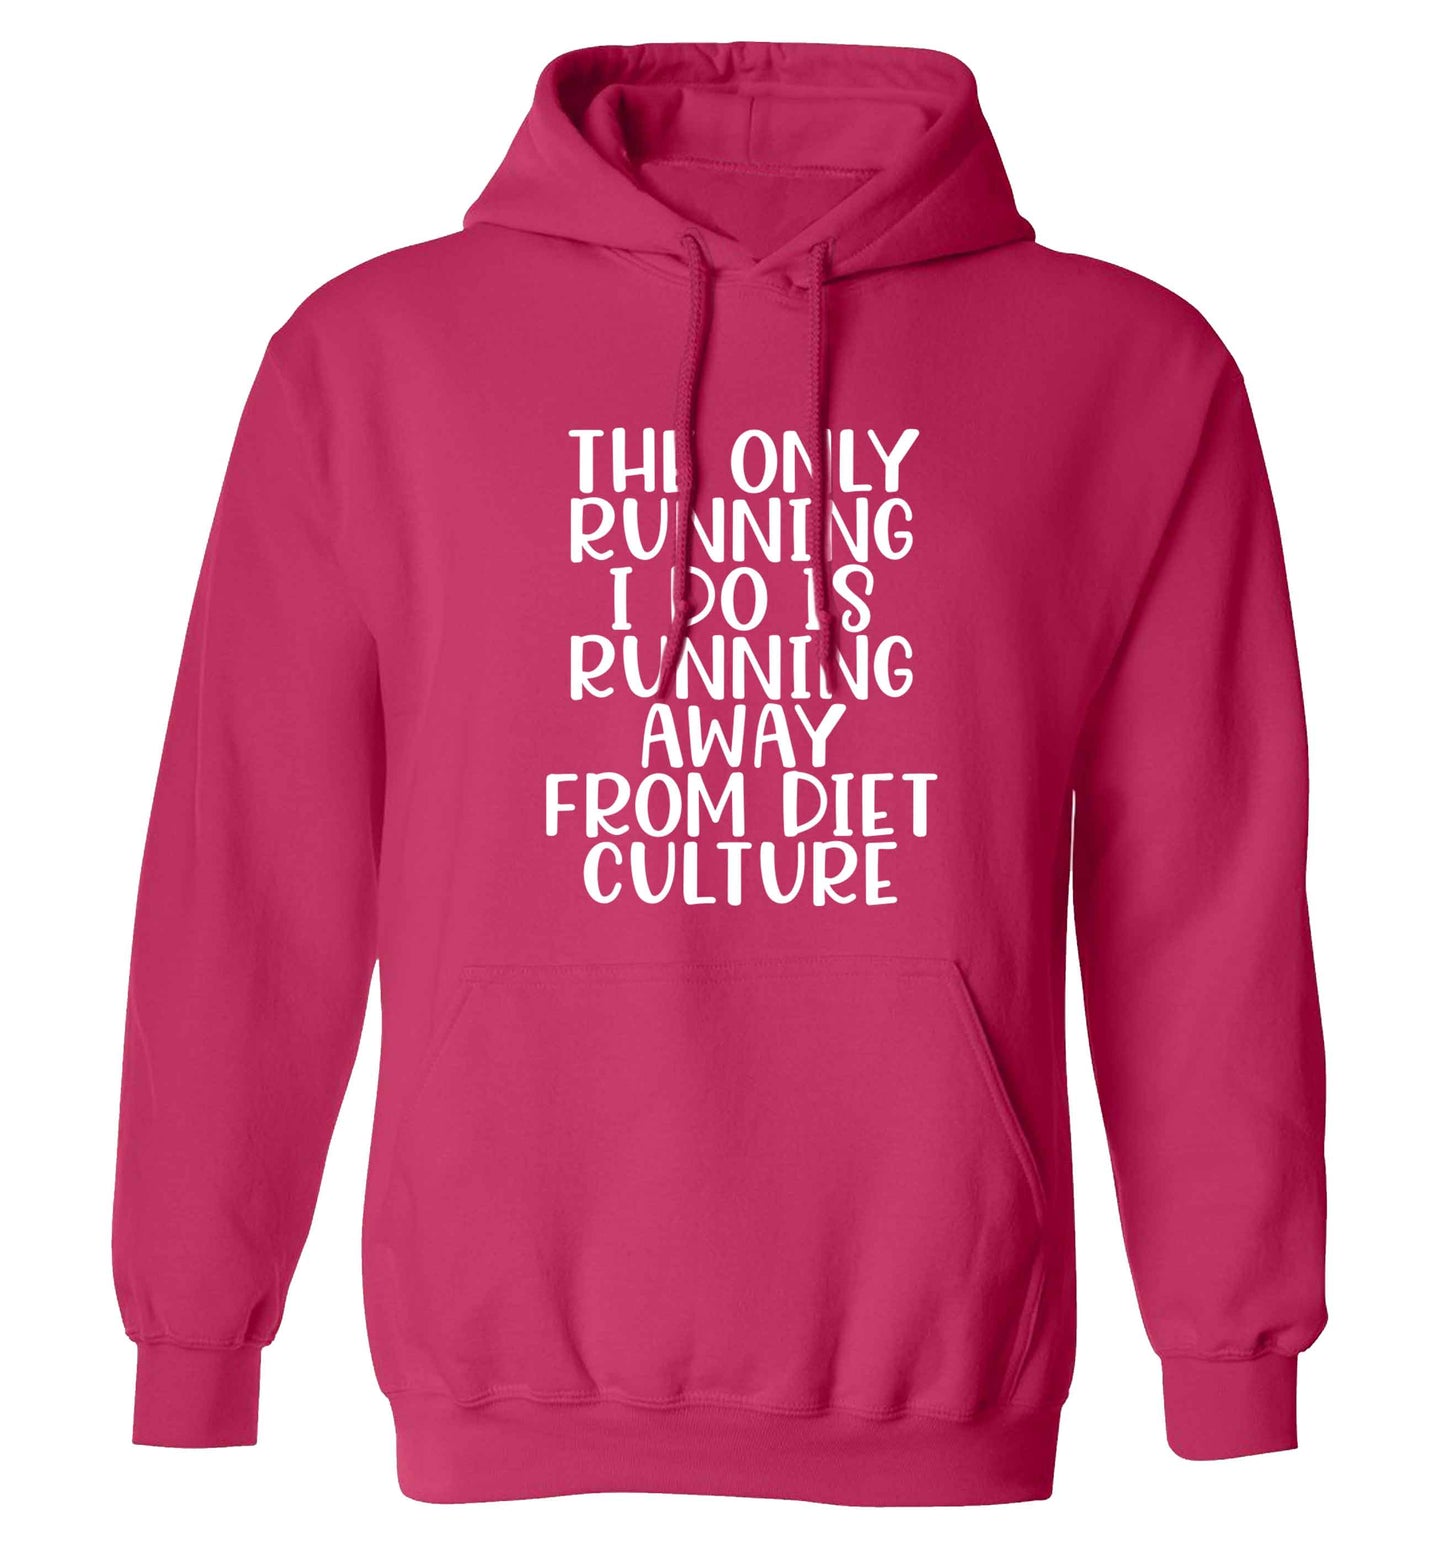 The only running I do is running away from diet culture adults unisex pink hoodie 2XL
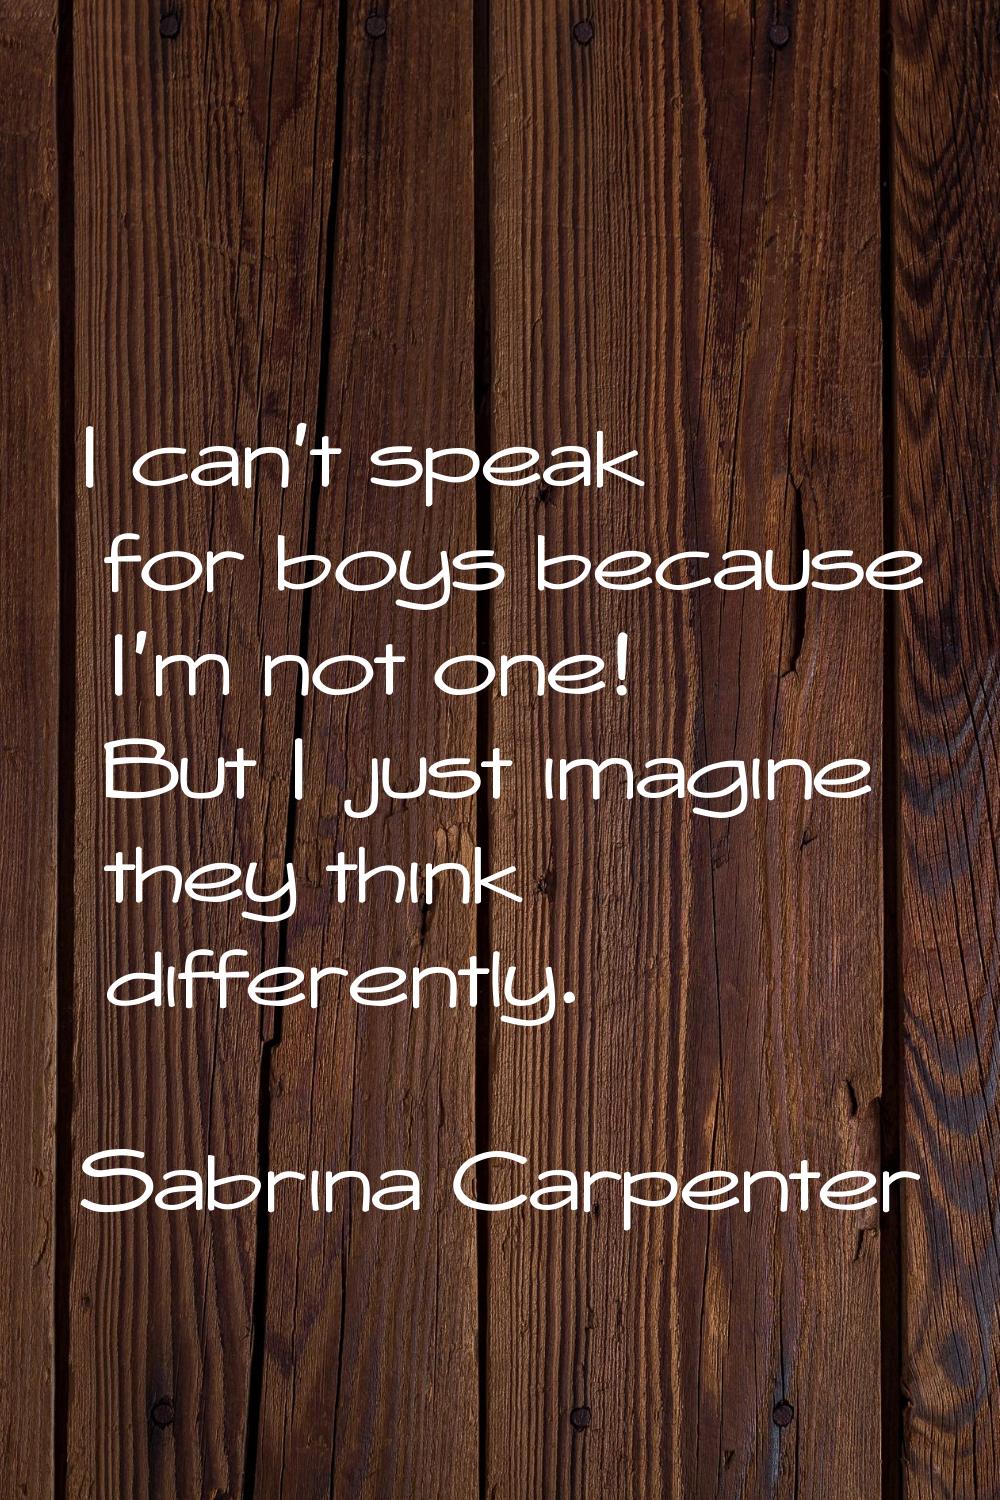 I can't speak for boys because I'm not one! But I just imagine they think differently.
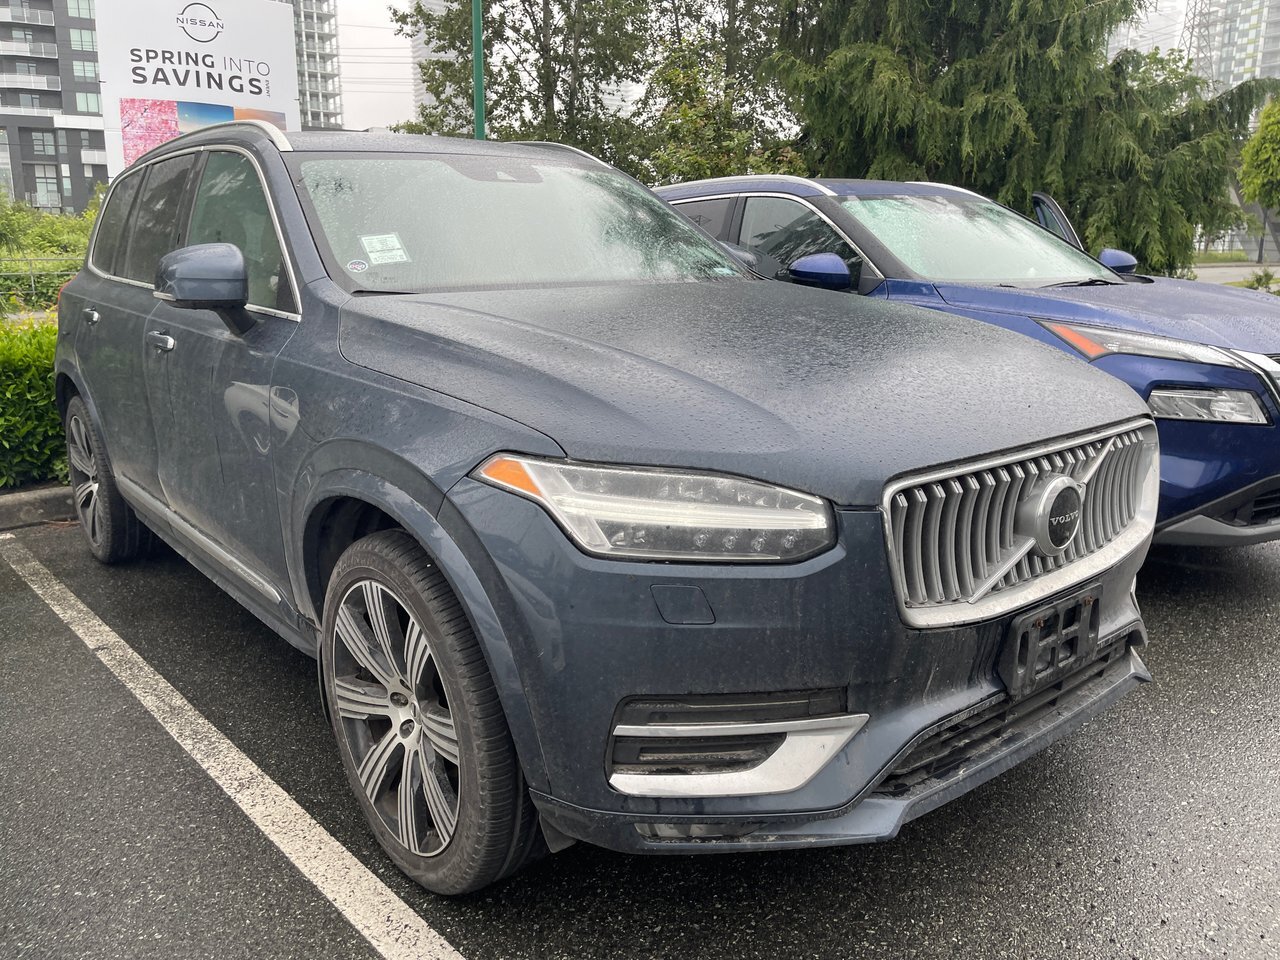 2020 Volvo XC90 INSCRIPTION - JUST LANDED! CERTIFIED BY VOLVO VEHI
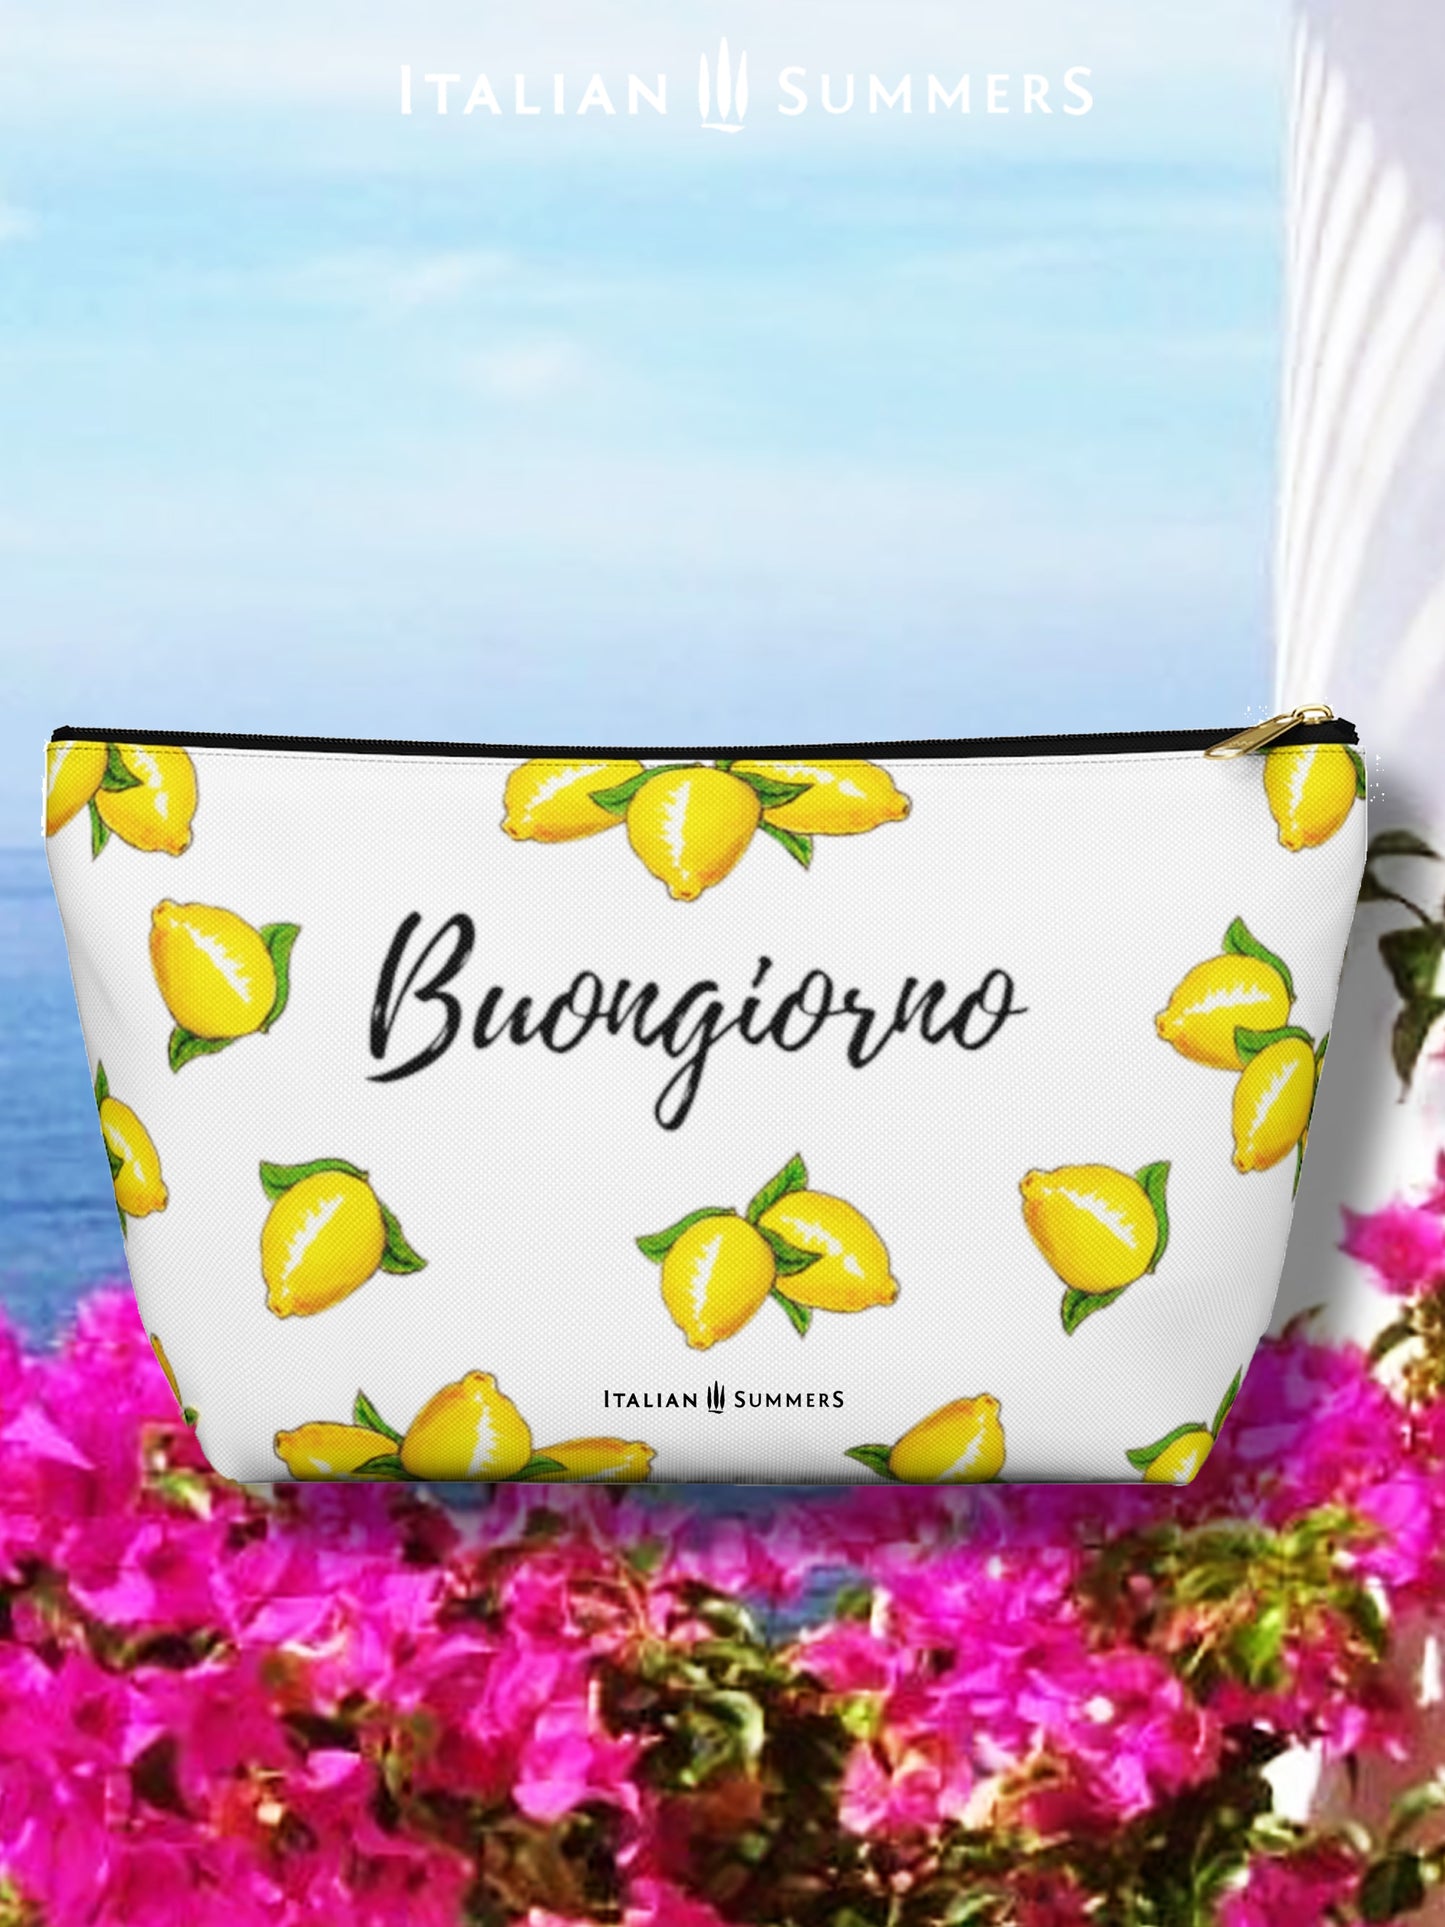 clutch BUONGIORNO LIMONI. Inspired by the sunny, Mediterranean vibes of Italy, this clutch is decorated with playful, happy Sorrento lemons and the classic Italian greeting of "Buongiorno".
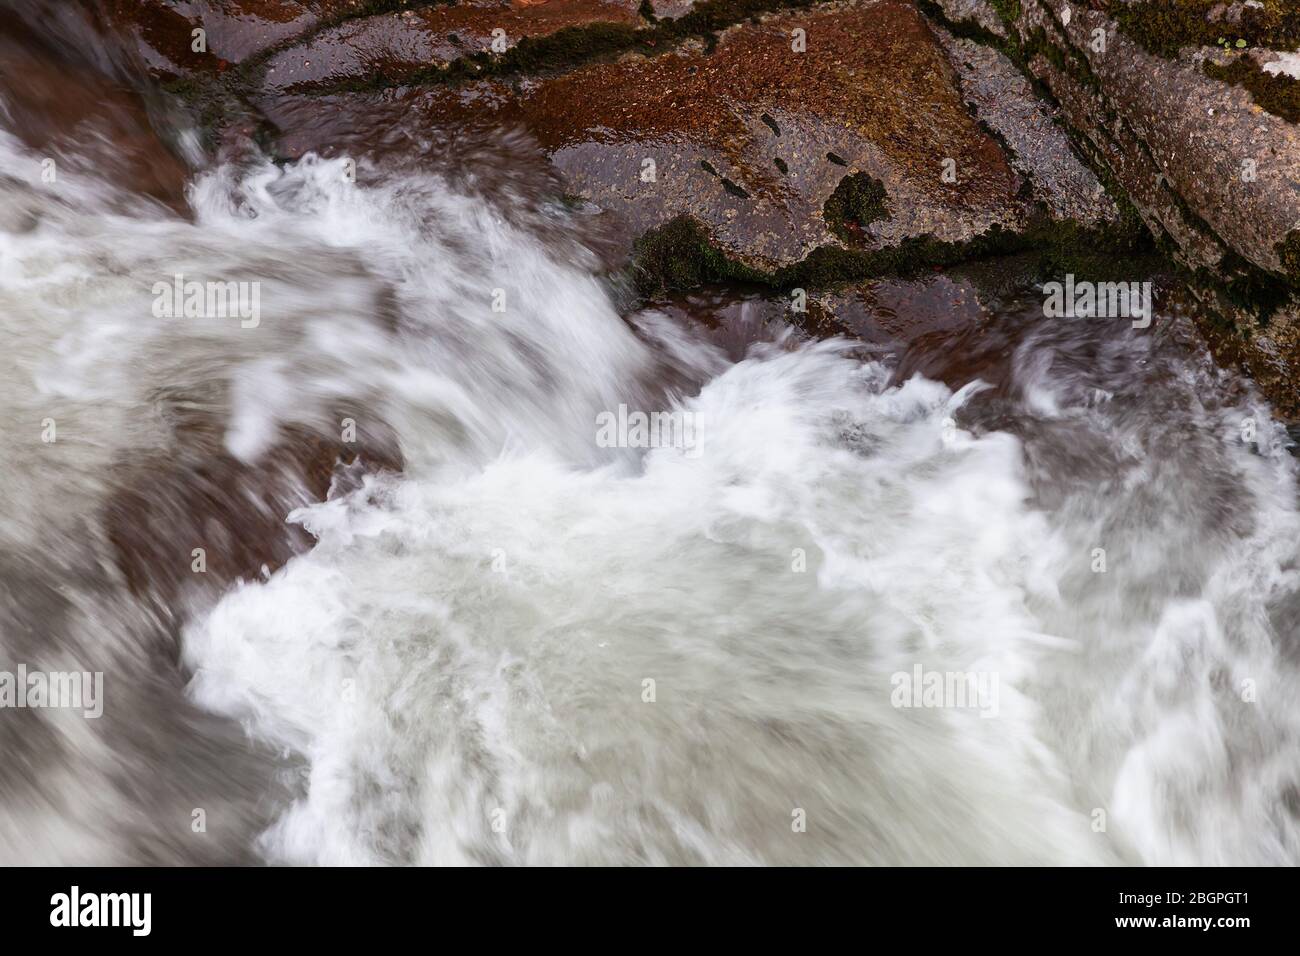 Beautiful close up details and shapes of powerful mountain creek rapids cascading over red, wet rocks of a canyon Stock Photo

**What to produce**
Everything in the material except the pictures should be restated word for word.

**Expected answer**
 The only running I do is running away from diet culture adults unisex pink hoodie 2XL
 I can't speak for boys because I'm not one! But I just imagine they think differently.
 2020 Volvo XC90 INSCRIPTION - JUST LANDED! CERTIFIED BY VOLVO VEHI
 clutch BUONGIORNO LIMONI. Inspired by the sunny, Mediterranean vibes of Italy, this clutch is decorated with playful, happy Sorrento lemons and the classic Italian greeting of "Buongiorno".
 Beautiful close up details and shapes of powerful mountain creek rapids cascading over red, wet rocks of a canyon Stock Photo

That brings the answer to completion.